A Dancer Who Resists Self-exoticization
 


Choreographer LIM, Jee-ae is also an unmistakable storyteller. She adopts an intellectual approach to her dance material, conducting extensive research into the historical background and conceptual foundations of her sources as a necessary step in bringing her works to completion. Her viewers should not expect the visually beautiful, orderly movements of other dance performers in Lim’s work. Her style is far from sensual.
Does Lim consider herself someone who challenges binary modes of thought? Her pieces “Good and Evil,” “Male and Female,” and “God and Mankind” certainly hint at a resistance of such notions. Her New Monster, nominated for PAMS Choice at this year’s Performing Arts Market in Seoul (PAMS), also reflects a similar sentiment. Lim’s works can be puzzling for those who are used to seeing the world through a “this or that” paradigm. They are ambiguous and not easy to digest.
Within this ambiguity, though, Lim’s works resonate as lingering traces in her audiences’ minds, provoking thoughts and questions. It is for this reason that her works have received high praise.
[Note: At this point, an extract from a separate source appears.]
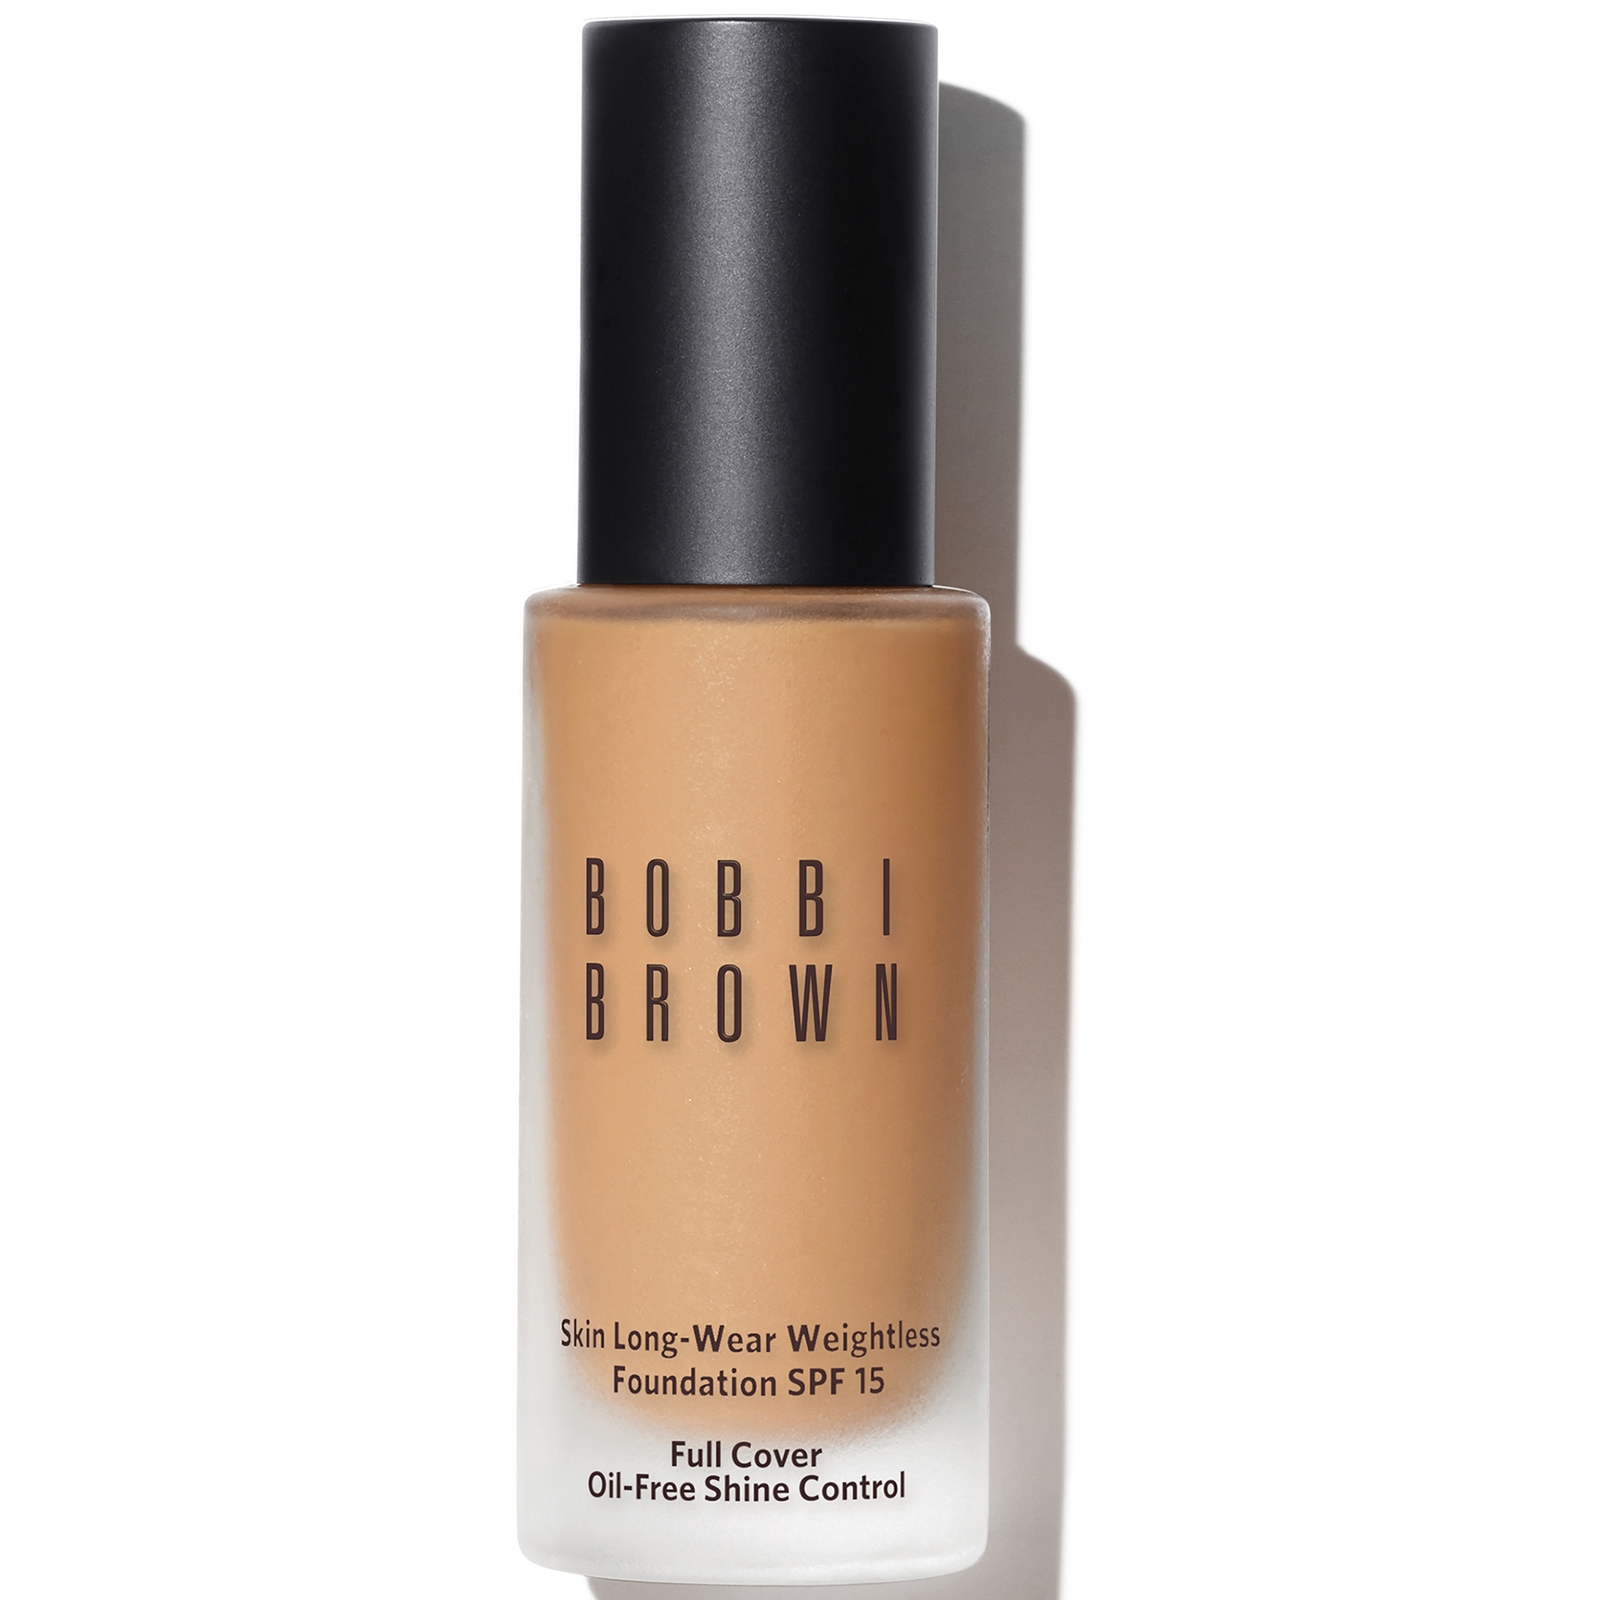 Bobbi Brown Skin Long-Wear Weightless Foundation SPF 15 (verschiedene Farbtöne) - GoldenBeige von Bobbi Brown
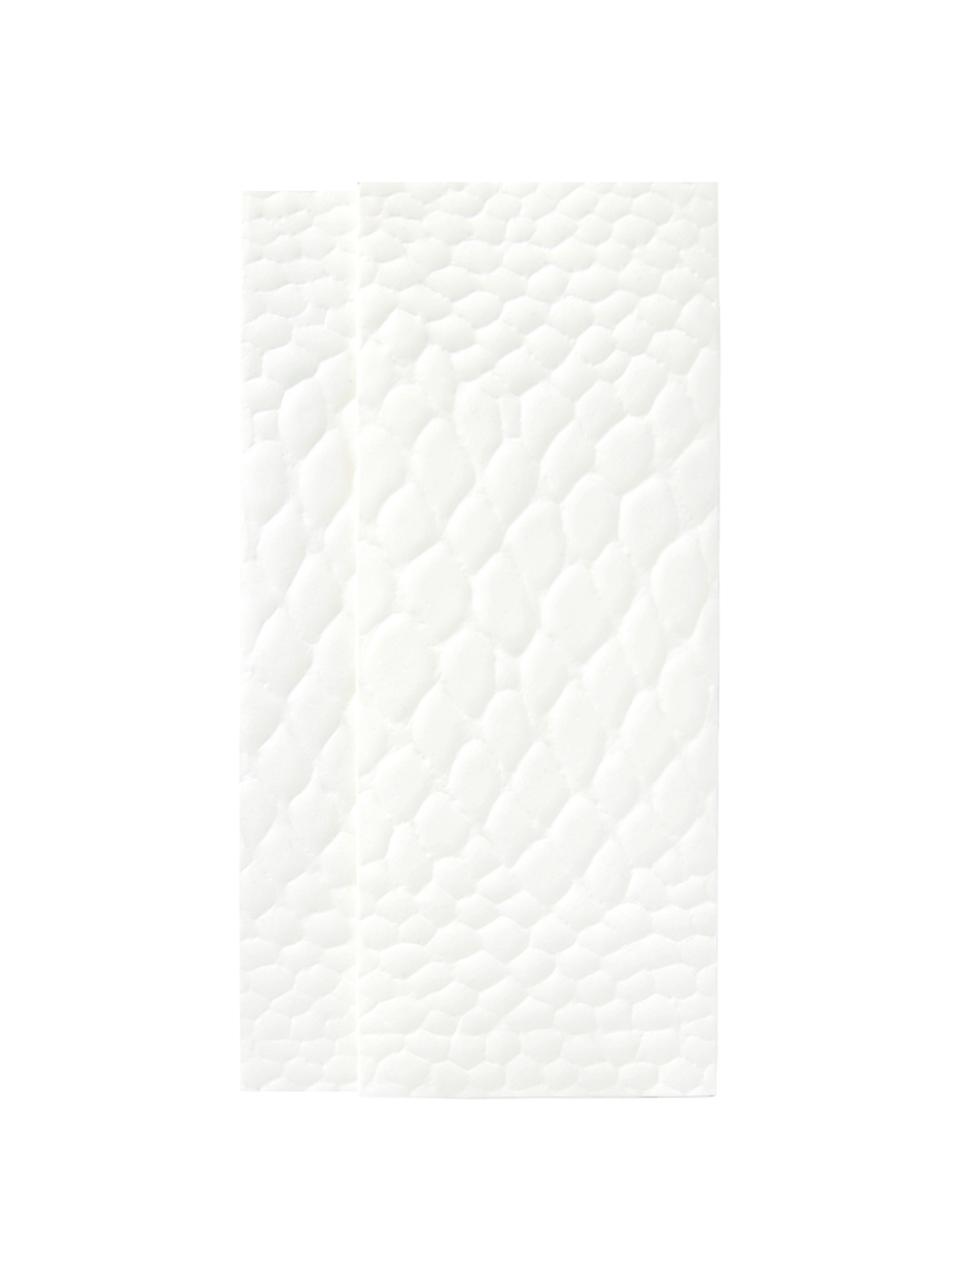 Umschlag Snake, Papier, Weiß, 23 x 12 cm

I met with Lim, who is currently based in Germany, at a Daehangno café on September 21 to discuss her aesthetics and works such as New Monster.

▲ The author with choreographer Jeeae Lim © Lee Kang-hyuk

▲ The author with choreographer LIM, Jee-ae © LEE, Kang-hyuk

Congratulations on being selected for PAMS Choice for New Monster. Share with us some of your expectations for PAMS.

I had been hoping for a chance to perform more runs of New Monster, so I was overjoyed to be selected. I would love for this to be an opportunity to bring the piece to more audiences in other places and also of other cultural backgrounds. 

What kind of work is New Monster, and what is the main idea you wish to convey with this piece?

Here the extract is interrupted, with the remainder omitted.